Exercise brief. Show all lines of the listing that contain the word "Black".

═══ The data ═══

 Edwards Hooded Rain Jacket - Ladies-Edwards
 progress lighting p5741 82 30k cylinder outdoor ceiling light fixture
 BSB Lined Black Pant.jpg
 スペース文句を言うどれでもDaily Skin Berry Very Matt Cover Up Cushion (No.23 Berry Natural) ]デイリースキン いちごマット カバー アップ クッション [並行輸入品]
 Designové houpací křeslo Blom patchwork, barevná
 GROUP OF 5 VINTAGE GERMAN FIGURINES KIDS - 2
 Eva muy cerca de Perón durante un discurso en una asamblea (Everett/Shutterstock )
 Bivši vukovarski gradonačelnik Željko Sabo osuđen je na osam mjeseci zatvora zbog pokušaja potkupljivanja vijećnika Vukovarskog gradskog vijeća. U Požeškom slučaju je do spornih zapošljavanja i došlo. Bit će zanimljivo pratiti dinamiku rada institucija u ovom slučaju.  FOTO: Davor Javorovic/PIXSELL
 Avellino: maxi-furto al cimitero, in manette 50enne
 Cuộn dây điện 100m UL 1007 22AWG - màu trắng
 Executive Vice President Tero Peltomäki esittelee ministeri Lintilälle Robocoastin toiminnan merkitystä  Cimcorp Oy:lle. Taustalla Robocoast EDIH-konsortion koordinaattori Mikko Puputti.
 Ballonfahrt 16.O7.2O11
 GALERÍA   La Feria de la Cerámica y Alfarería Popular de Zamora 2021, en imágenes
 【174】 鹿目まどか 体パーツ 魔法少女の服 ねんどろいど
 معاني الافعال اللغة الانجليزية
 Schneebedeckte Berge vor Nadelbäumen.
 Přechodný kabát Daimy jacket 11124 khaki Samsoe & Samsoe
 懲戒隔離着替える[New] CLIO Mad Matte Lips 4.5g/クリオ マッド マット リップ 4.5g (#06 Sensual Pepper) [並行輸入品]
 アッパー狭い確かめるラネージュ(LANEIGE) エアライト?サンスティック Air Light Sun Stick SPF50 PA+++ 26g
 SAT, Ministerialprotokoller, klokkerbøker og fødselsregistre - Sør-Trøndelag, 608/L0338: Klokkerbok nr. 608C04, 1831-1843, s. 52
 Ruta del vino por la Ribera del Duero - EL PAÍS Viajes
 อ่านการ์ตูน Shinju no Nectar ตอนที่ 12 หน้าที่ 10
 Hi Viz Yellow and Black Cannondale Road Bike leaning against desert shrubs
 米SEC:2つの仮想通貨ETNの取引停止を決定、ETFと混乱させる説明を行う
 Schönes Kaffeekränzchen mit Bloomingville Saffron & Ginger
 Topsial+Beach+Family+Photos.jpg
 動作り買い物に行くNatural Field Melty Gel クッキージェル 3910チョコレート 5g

═══

Task result.
 BSB Lined Black Pant.jpg
 Hi Viz Yellow and Black Cannondale Road Bike leaning against desert shrubs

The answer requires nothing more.